Message 15 of 33 (33369)
02-27-2003 10:41 AM
Reply to: Message 14 by jimmyevolution
02-27-2003 9:54 AM


Re: there's no hidden agenda, for God's sake
Or Darwin's for that matter. Okay jimmy, if we're to take you at your word and accept that you have been the unfortunate victim of some very poor "popular" (using the term loosly), racist scientists, then you should be willing to look at the actual science, yes?

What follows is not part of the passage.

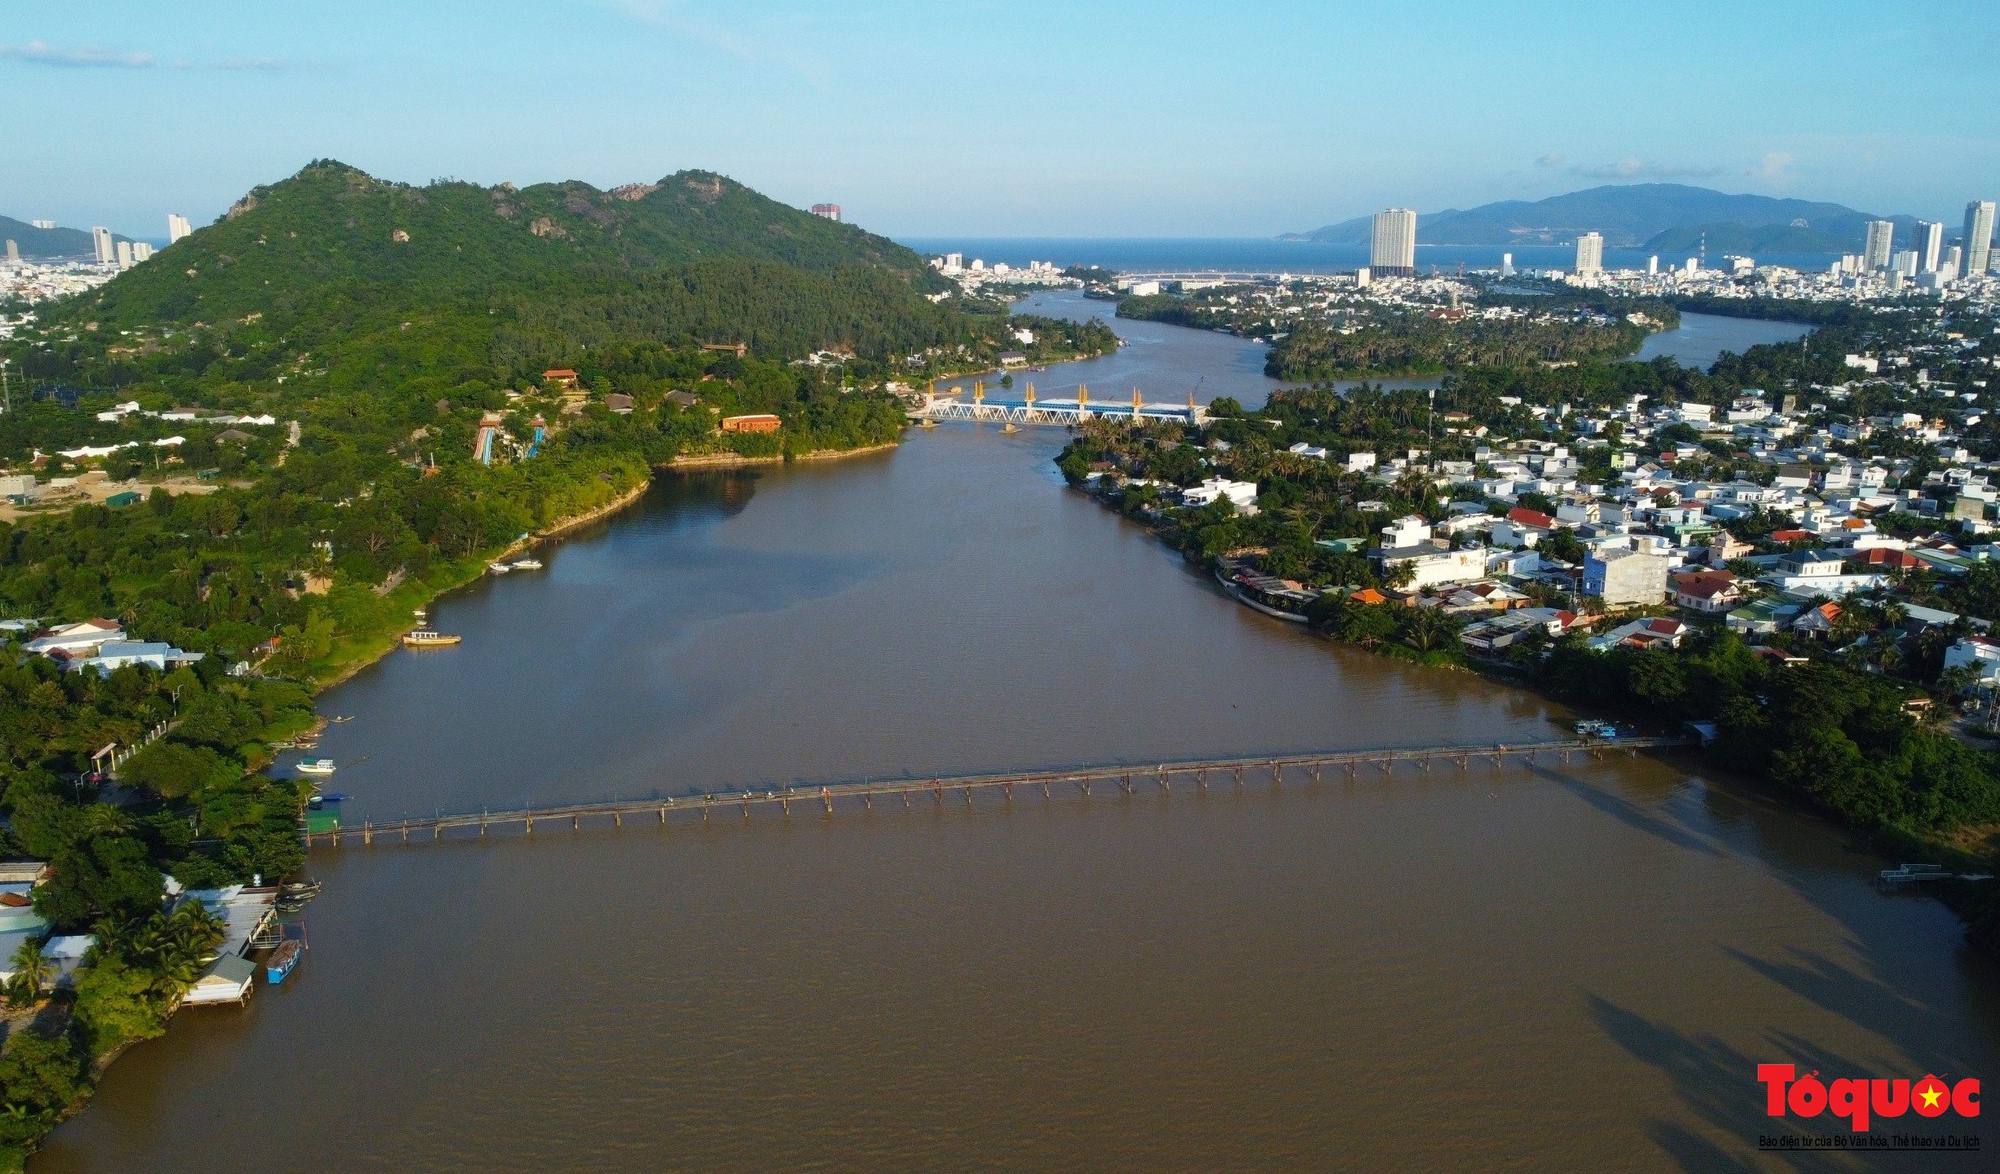 Cận cảnh cầu gỗ nối đôi bờ sông Cái ở Nha Trang vừa được chi gần 500 tỷ đồng để thay thế - Ảnh 1.

Try this article for a start, published in a peer-reviewed journal by a specialist in genetics: An apportionment of human DNA diversity. Here's an abstract:
quote:
It is often taken for granted that the human species is divided in rather homogeneous groups or races, among which biological differences are large. Studies of allele frequencies do not support this view, but they have not been sufficient to rule it out either. We analyzed human molecular diversity at 109 DNA markers, namely 30 microsatellite loci and 79 polymorphic restriction sites (restriction fragment length polymorphism loci) in 16 populations of the world. By partitioning genetic variances at three hierarchical levels of population subdivision, we found that differences between members of the same population account for 84.4% of the total, which is in excellent agreement with estimates based on allele frequencies of classic, protein polymorphisms. Genetic variation remains high even within small population groups. On the average, microsatellite and restriction fragment length polymorphism loci yield identical estimates. Differences among continents represent roughly 1/10 of human molecular diversity, which does not suggest that the racial subdivision of our species reflects any major discontinuity in our genome. (emphasis mine)
This abstract (and I linked to the full article), shows that there is NO basis for making wild extrapolations about the biological basis for "race". There is NO genetic evidence that there are significant differences among human populations. Rather, that the most significant differences are found within human populations - as I noted in a previous post.
How does this fit with your previous reading?